Потихоньку добрался до посёлка Тенгватнет, а тот незаметно перешёл в Ронес. Табличка на въезде гласит, что деревня основана 150 лет назад, на шведском и английском рассказывается об истории и достопримечательностях района. О перевале, через который я намереваюсь пройти в Норвегию, сказано, что это древний торговый путь, известный уже 2000 лет и ныне окончательно заброшенный. Теперь тропа совсем заросла и пройти по ней совершенно импосибл.
Посёлок тянется довольно долго и заканчивается шлагбаумом с надписью, как я понял, «погранзона» (написано-то по-шведски). Смело миновав эту преграду, я зашагал по лесной дороге, в которую тем временем превратилась грунтовка. Шведские пограничники всё не появлялись. (интересно, а как в Норвегии с пограничным режимом, если там местами ширина всей страны 5 километров?!). Дорожка планомерно превратилась в заболоченную тропку, та потихоньку втянулась в глубокую широкую долину и там вскоре кончилась совсем. Приходится идти напролом через «пьяный» лес низкорослых берёз. Вскоре стемнело, и я вполне комфортно заночевал в криволесье.

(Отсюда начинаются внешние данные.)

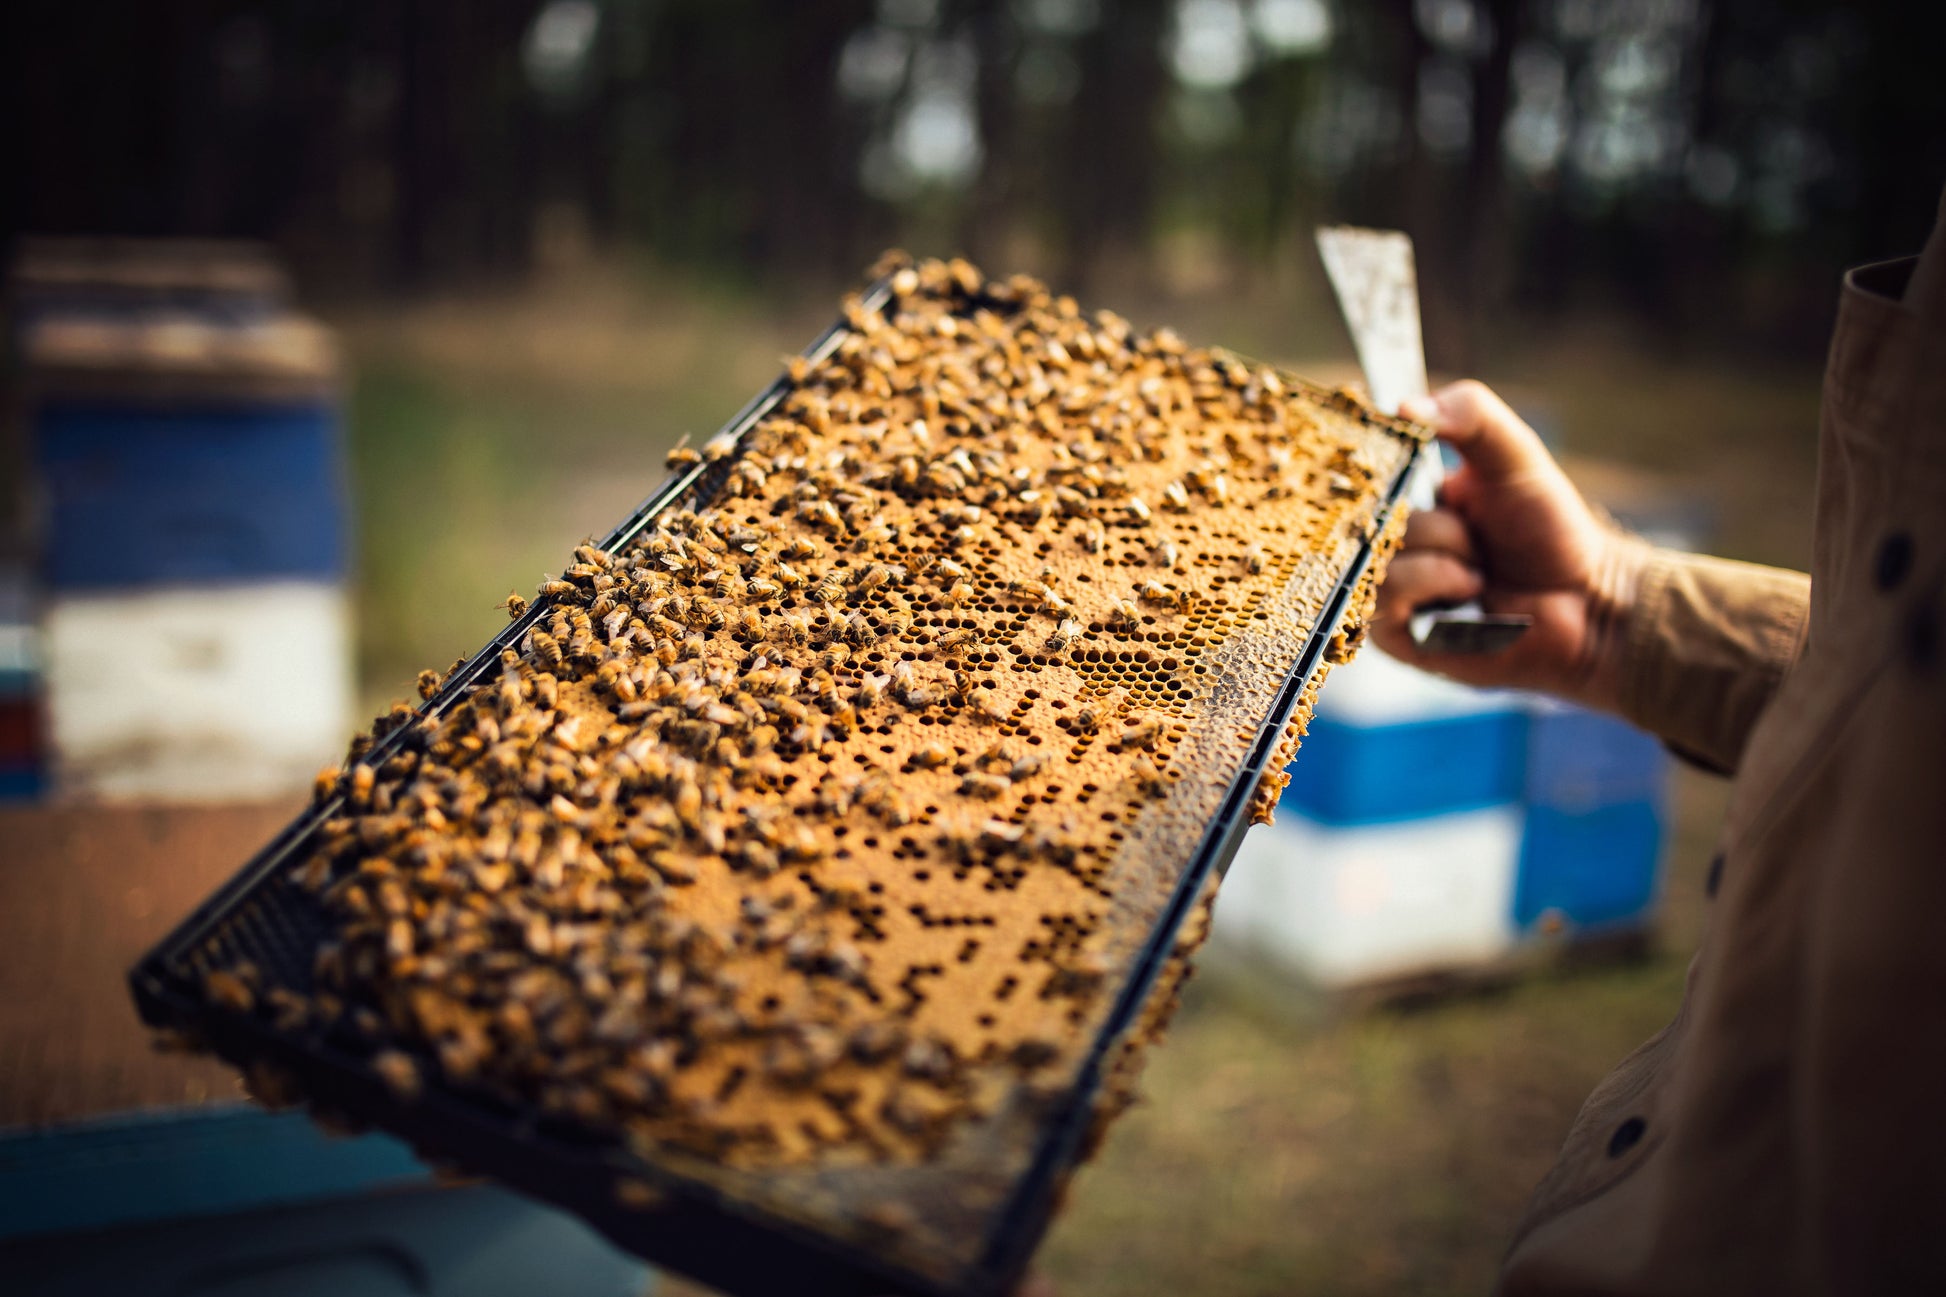 beekeeper shows how much honeycomb is in the frame

Южный борт перевального ущелья крутой, высокий и скалистый, а северный (относящийся к горному массиву Арт-Фьеллет) — пологий и низкий. Наутро я довольно быстро дошёл до водораздельного участка, и тут начались заросли ивы. Ива была в человеческий рост и поразительно непроходимая. Я потерял счёт времени, пробираясь через неё. Ноги не доставали до земли, я шагал прямо по хитросплетениям стволов, ветви хлестали по лицу.
Неожиданно всё кончилось, ветви расступились, передо мной был ручей. Он тёк в ДРУГУЮ сторону — это была Норвегия.

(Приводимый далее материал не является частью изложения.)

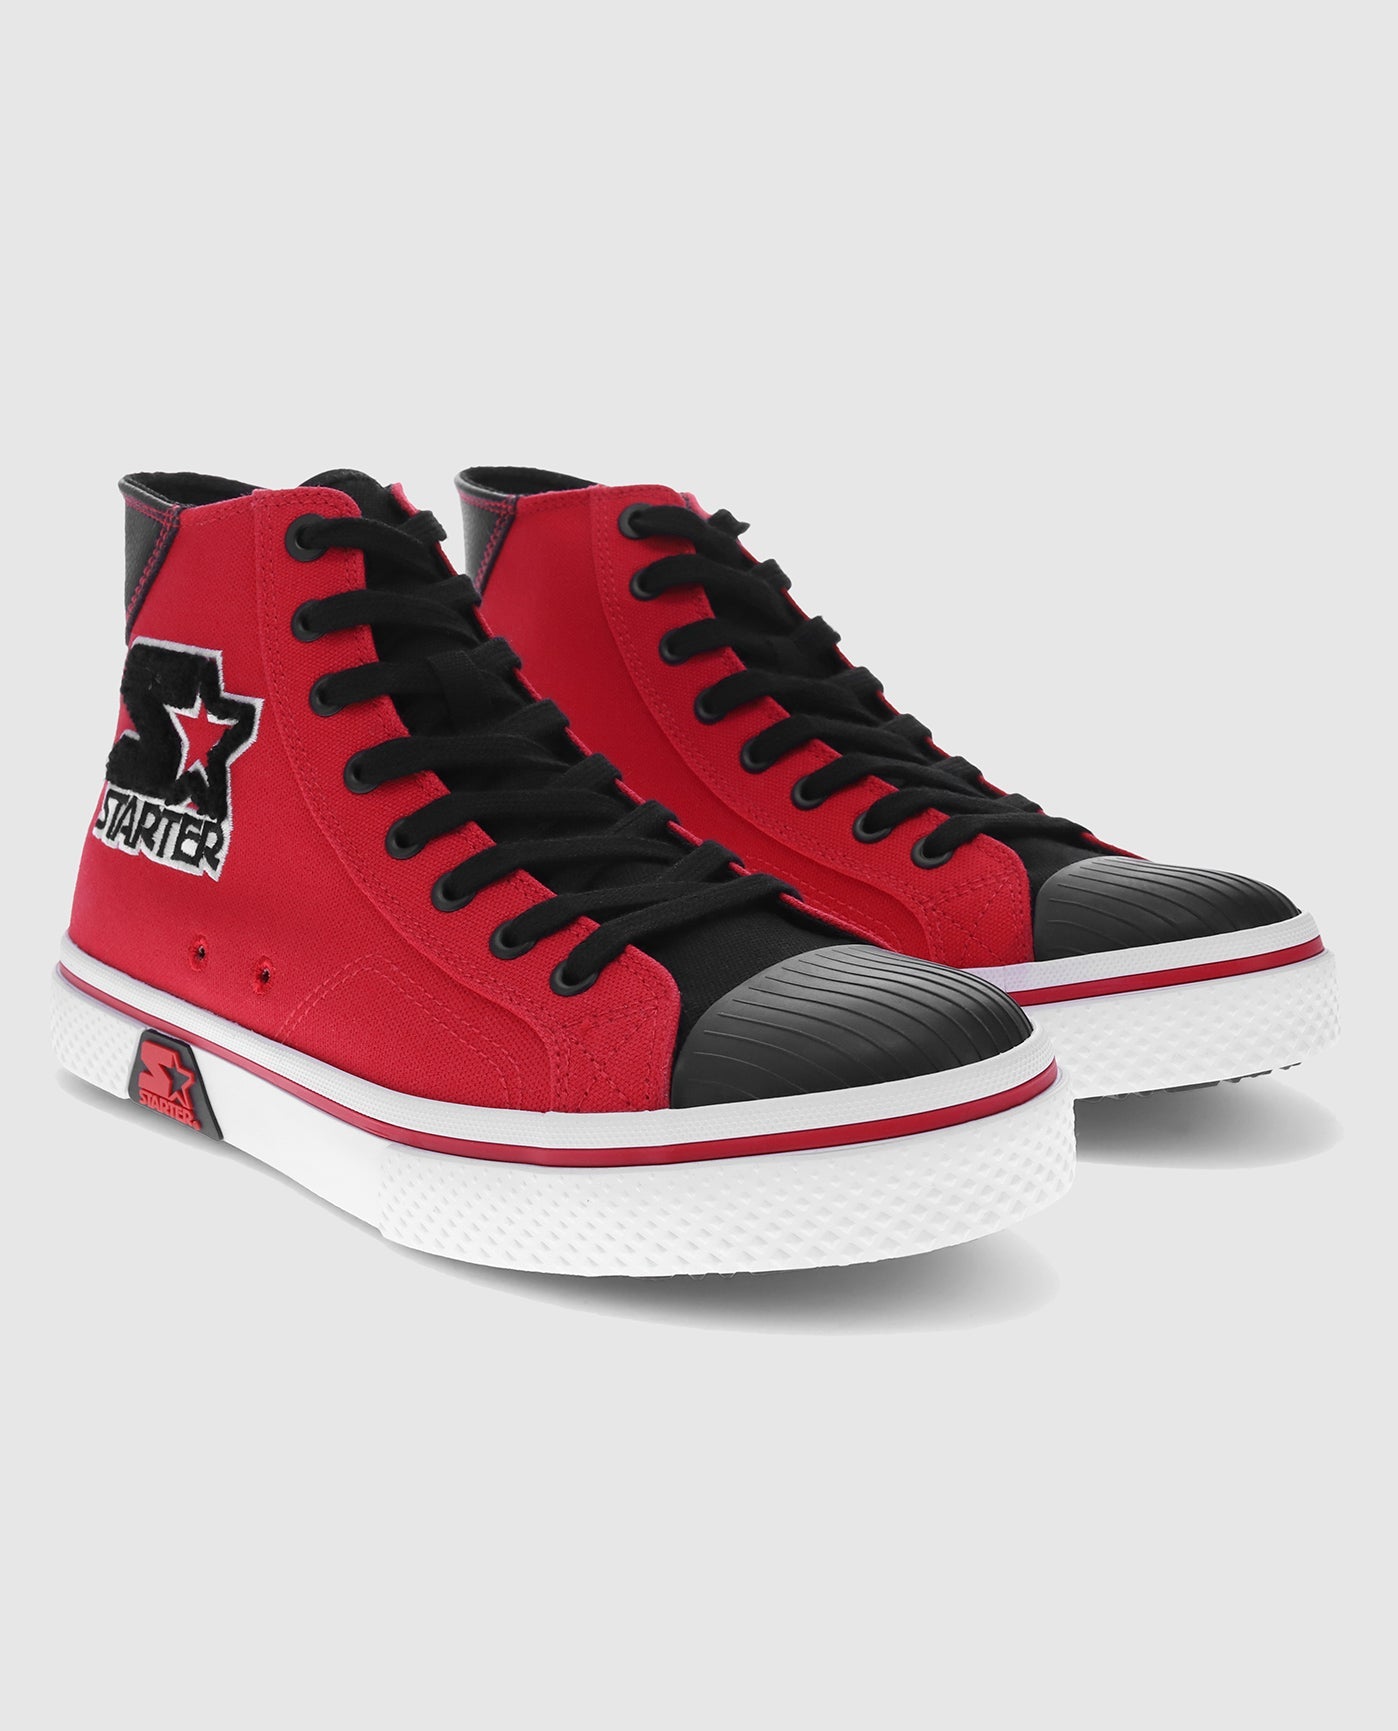 Front of Starter Tradition 71 High Red Sneaker Pair | Red

Впереди, на западе, громоздились остроконечные горы, сверкая на солнце ледниками. Я спускался к Атлантическому океану по гранитным ступеням, разделявшим небольшие болотца с жёлтыми точками морошки. Ужасных стелющихся зарослей больше не было, ручей, служивший путеводной нитью, быстро набирал силу, гремел в водопадах. К середине дня я вышел на нахоженную тропу, и по ней к подвесному мосту. Мост надёжный, но очень шаткий, с непривычки идти по нему тяжело. Картина разворачивалась в обратном порядке: тропка сменилась колеёй, затем лесной дорогой и наконец обратилась качественной грунтовкой. Изменился лес по сторонам дороги, среди берёз появились сосны и ёлки.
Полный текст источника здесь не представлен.